No thanks, Mo, quit while I'm ahead. You have a nice night now.

May 15, 2003

Musical Chair

Typing on the blog and listening to X at the same time is difficult.

Alva from Sweden (Ja!) sings well for being 19... or just in general she sings well. We are having practice sessions at my place until she leaves town in a couple weeks. I mentioned I have a hard time doing things I'm not good at- i.e. accompaniment of a singer. It makes me want to just quit, not because I don't want to learn how to do it, but because I won't have to bear the indignity of my own incompetence. "Well how else are you going to learn?" Yep, I know, Alva.

Practice with Arctic Square hit the spot last night. I don't have the tunes comitted to memory and they are not written out, so I usually end up playing by ear. A couple times we started a tune and I thought "damn, this is a cool song, where do I recognize it from," because occasionally we goof around on Beatles covers and such. But last night about halfway through 2 songs I realized I recognized them from previous practices; they're written by Graham and Eric. This is a good sign, these tunes are great. Unfortunately Terry the Drummer wants to leave town in the fall before our "CMJ Marathon" gig (prolly at The Knitting Factory or CBGB's in October), which blows.

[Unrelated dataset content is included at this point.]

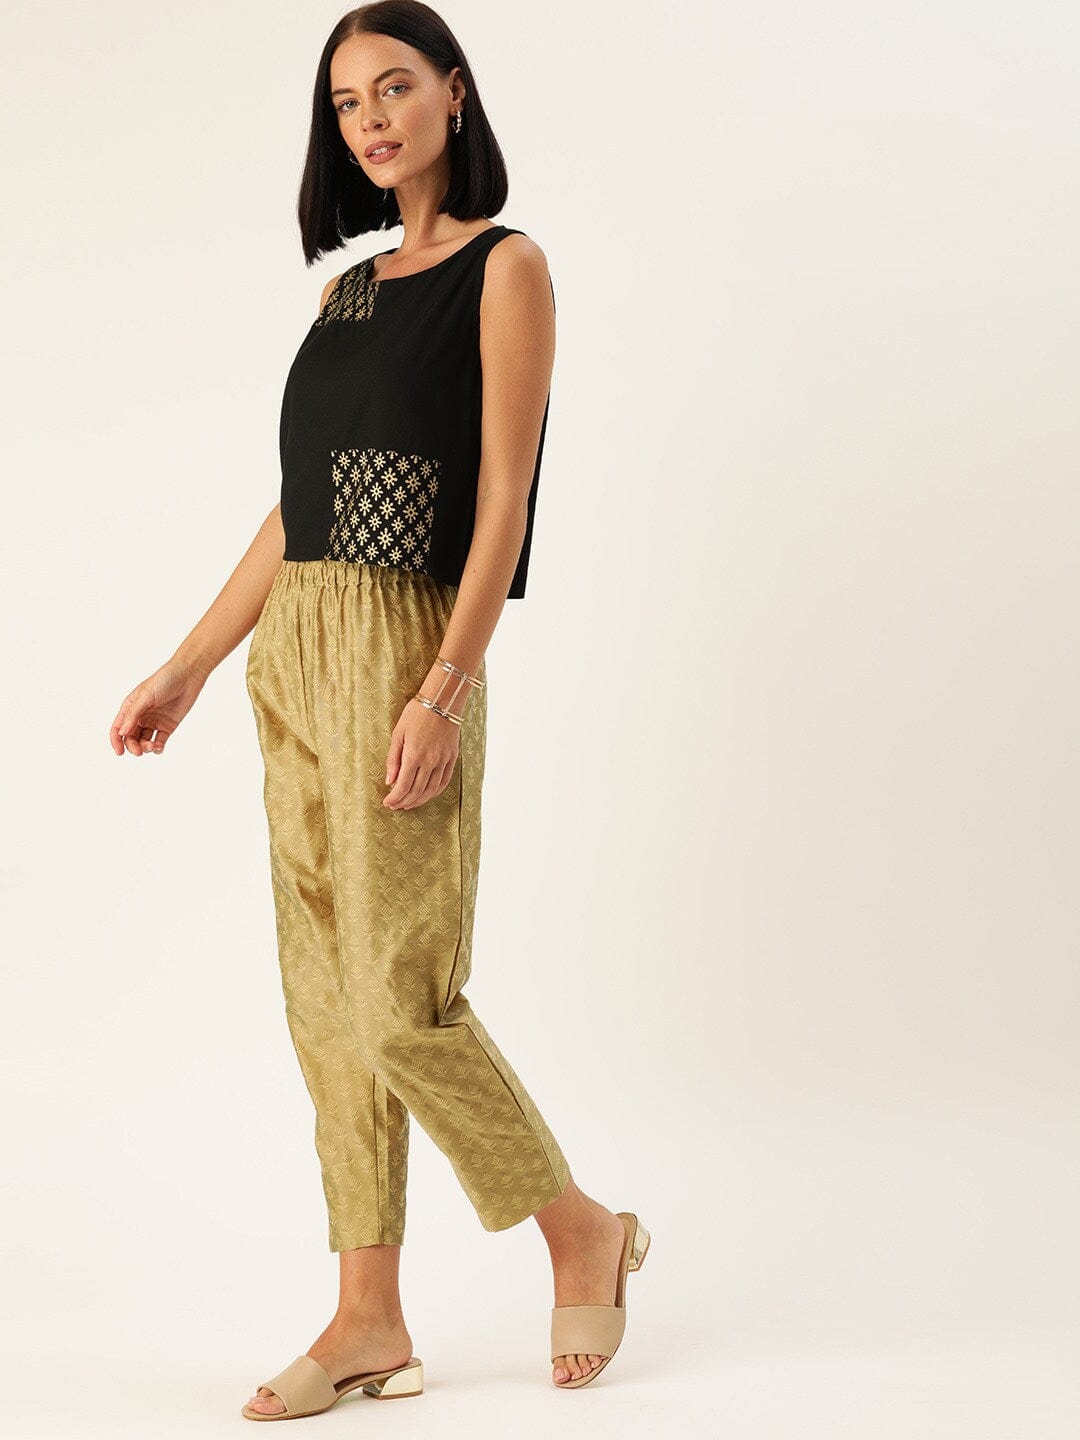 Women's Black & Gold-Toned Printed Top with Trousers - Varanga

My favorite listening right now, to the near exclusion of all else, is Elliott Smith's Figure 8. His writing is complex and singable at the same time, also dark and depressing if you listen too close... Anyway I am pretty spoiled on his stuff at the moment. There is some irony in that this is the only album I own which is "el-stolen."0



May 13, 2003

Blind Blogging the Blind

While reconfiguring the layout for Samology it occurs to me I am colorblind and should probably hire someone to do the graphics for me.

Tj thinks my idea for "KolorKure(tm)" color-blindness curing glasses is all just a big hoax designed by me to make a fortune. That's pretty much true.

There are different kinds of colorblindness. Can you guess which kind I have?

May 12, 2003

One Beef with Google... So Far...

An interesting discussion on Slashdot about all blogs being removed from the main indexes on Google has me upset...

Sure, generally nobody wants to read my personal ramblings, but I am still a part of the web. At most, Google should include a checkbox under "preferences" to rank blogs lower than other sites if you are searching for something important (automatically save this preference in your Google cookie). By default, however, it seems obvious blogs should be included as part of a general web search.

Case in point, a few people looking for "September 11th photos" last year were directed to polaroids and blog entries on I can't imagine they were disappointed with this result.

I suppose in response to pressure from advertisers, any "other" content that doesn't have tons of banner ads and popups must be marginalized somehow.

May 9, 2003

More to Come

Well you asked for it, I am currently in the process of scanning the vacation photos in. I will probably end up interspersing them with the text, so everybody has to reread the whole thing.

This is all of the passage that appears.